The breast or mammary gland is found on the thorax underneath the skin and is considered a subcutaneous organ. Boundaries of the breast are as follows: clavicle superiorly, inframammary fold inferiorly, sternum medially, serratus anterior laterally, pectoral muscles posteriorly, and skin anteriorly. The breast spans from the second to the sixth intercostal space.

The subpectoral space boundary follows the pectoralis major muscle anteriorly, rib cage and pectoralis minor posteriorly, serratus anterior laterally, and subcutaneous tissue inferiorly covered with mastectomy flap.[4]

The pre-pectoral space is defined as the space between the pectoralis major muscle fascia and the mastectomy flap.

Indications

Bilateral breast reconstruction is better suited to the small and medium-sized breasts. If unilateral breast reconstruction, the contralateral breast may necessitate mastopexy, reduction, or augmentation to achieve bilateral symmetry.

Large breasted patients can also undergo implant-based reconstruction if they are willing to undergo skin/breast reduction and contralateral surgery.[1] These patients are otherwise offered autologous tissue breast reconstruction.

Contraindications

Medical conditions that can compromise the skin envelope for the breast implant include scleroderma, history of radiation, and history of smoking. The previously irradiated breast can lead to implant infection and extrusion; therefore, for these patients, autologous tissue reconstruction is preferred. If a patient needs adjuvant radiation therapy after mastectomy, immediate implant-based reconstruction is advised against until radiation is completed.[1]

For pre-pectoral (subcutaneous) implant placement, high body mass index, history of smoking, and pre-operative radiation are absolute contraindications due to the high risk of implant extrusion.[5]

Equipment

Tissue expanders are utilized to maximize skin volume before implant placement. There are two types of tissue expanders that have been used for breast reconstruction. One is filled with compressed carbon dioxide and the second type with saline. 

Saline tissue expanders are sequentially filled with saline in the outpatient setting. This requires weekly or biweekly clinic visits to reach the desired volume. The saline infusions are performed with percutaneous needle sticks that can cause patient anxiety and discomfort as well as an increased risk of infection. Another potential complication is skin dehiscence due to the sudden expansion with saline bolus causing pressure necrosis on mastectomy flaps. The advantages of the saline tissue expander include not requiring adjustment of radiation therapy protocol, and the saline can be removed from the expander if indicated.[6]

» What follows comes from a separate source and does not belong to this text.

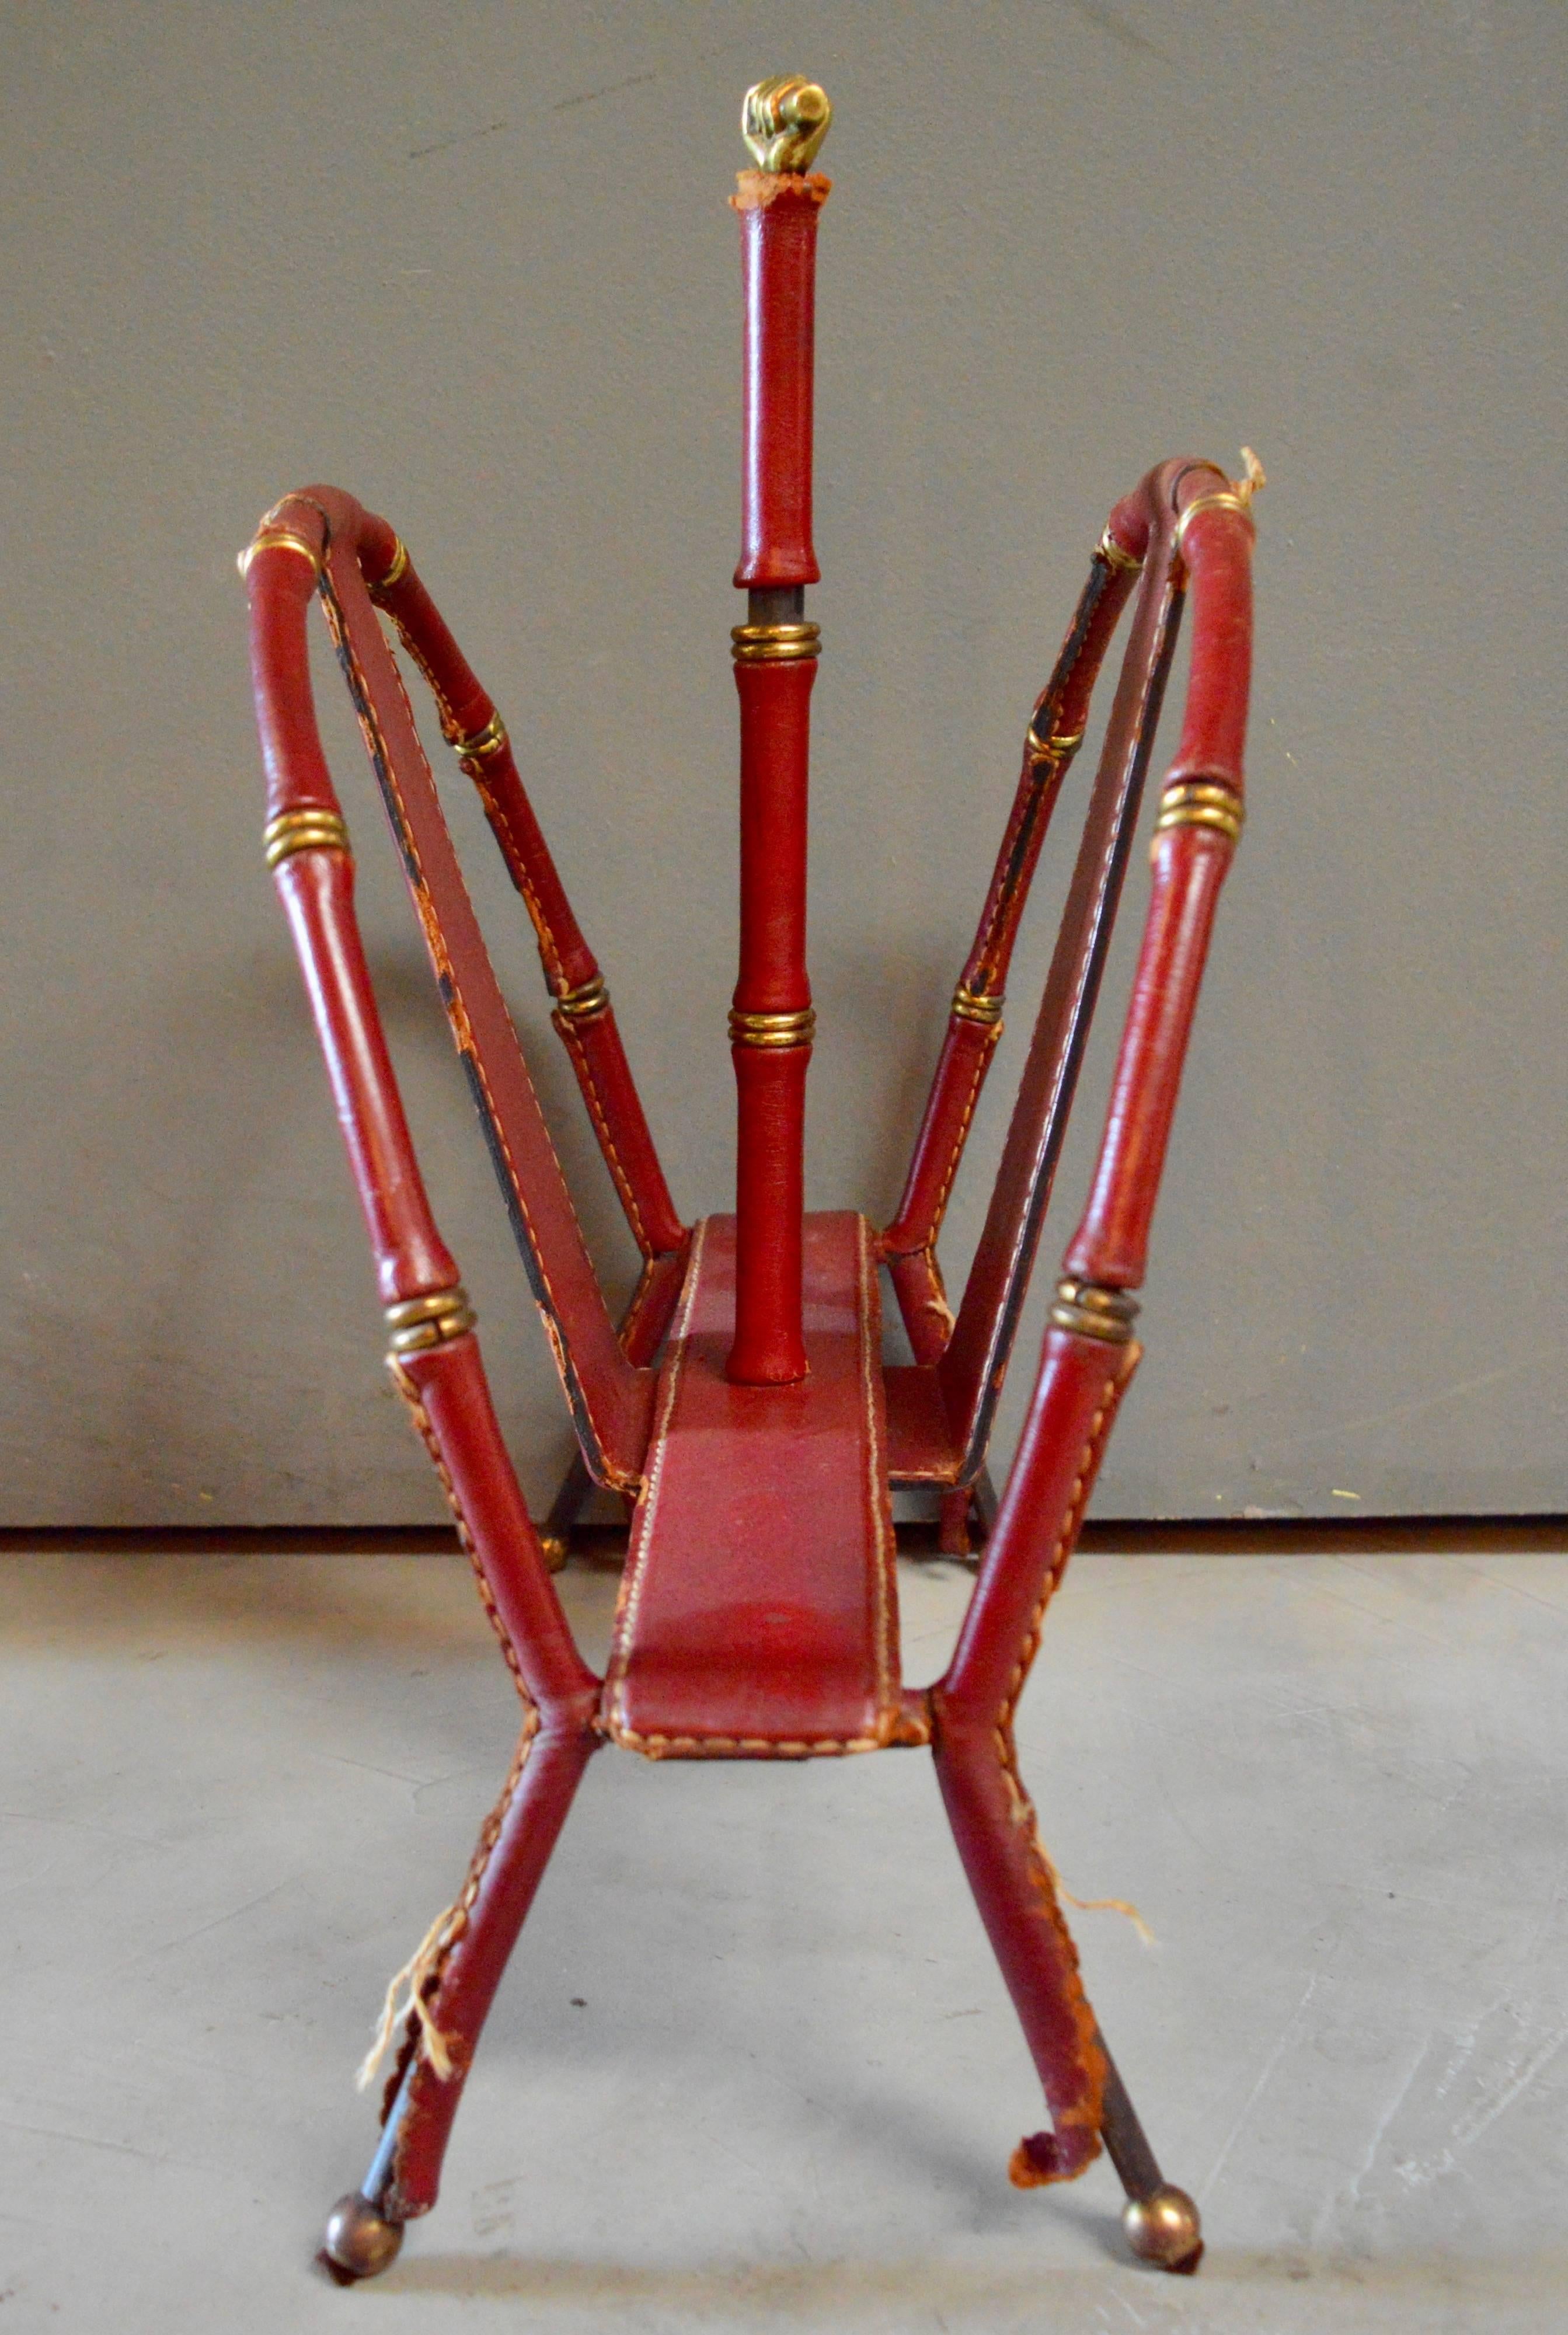 Handsome magazine rack by French designer Jacques Adnet. Red leather wrapped around iron frame, with brass ball feet, brass trim and brass clenched fist. Signature Adnet contrast stitching. Original condition. Unrestored. Great collectors piece of

Carbon dioxide expanders are remote-controlled, allowing for gradual expansion to be performed by the patient in the outpatient, home setting. It does not require percutaneous needle sticks, thus reducing the potential for infections. The expansion is more gradual, and the volume is achieved faster than with traditional saline tissue expander. The patients can receive adjuvant radiotherapy; however, the radiation oncologist may have to modify radiation protocol. Another disadvantage is that the carbon dioxide cannot be expelled from the tissue expander if it is required.[6] Unfortunately, the company filed for bankruptcy in 2019, and this product is no longer available in the market. 

Breast implant (saline vs. silicone) remains one of the more popular methods of breast reconstruction. In the case of a rupture, those with saline may feel more comfortable knowing that nothing more than saline is entering their body. Implants still tend to be a much simpler surgery comparatively. On the other hand, saline implants typically last only 10 to 15 years, are palpable, and can be prone to causing a rippling of the skin. Silicone implants are lighter weight, have a longevity of 20 to 25 years, and look more aesthetically natural with less rippling. According to the FDA, there is a possible associated risk of developing breast-implant associated anaplastic large cell lymphoma with either type of implant. The minimal increased risk of developing BIA-ALCL is linked only with textured implants.

The acellular dermal matrix material (ADM) can be derived from porcine, bovine, or cadaver tissue versus synthetic mesh.[1] ADM is indicated for soft tissue reinforcement and allows the reconstruction to stay within the boundaries of the breast. ADM is an aseptic product (not sterile), which can be concerning for increased risk of infection.[7]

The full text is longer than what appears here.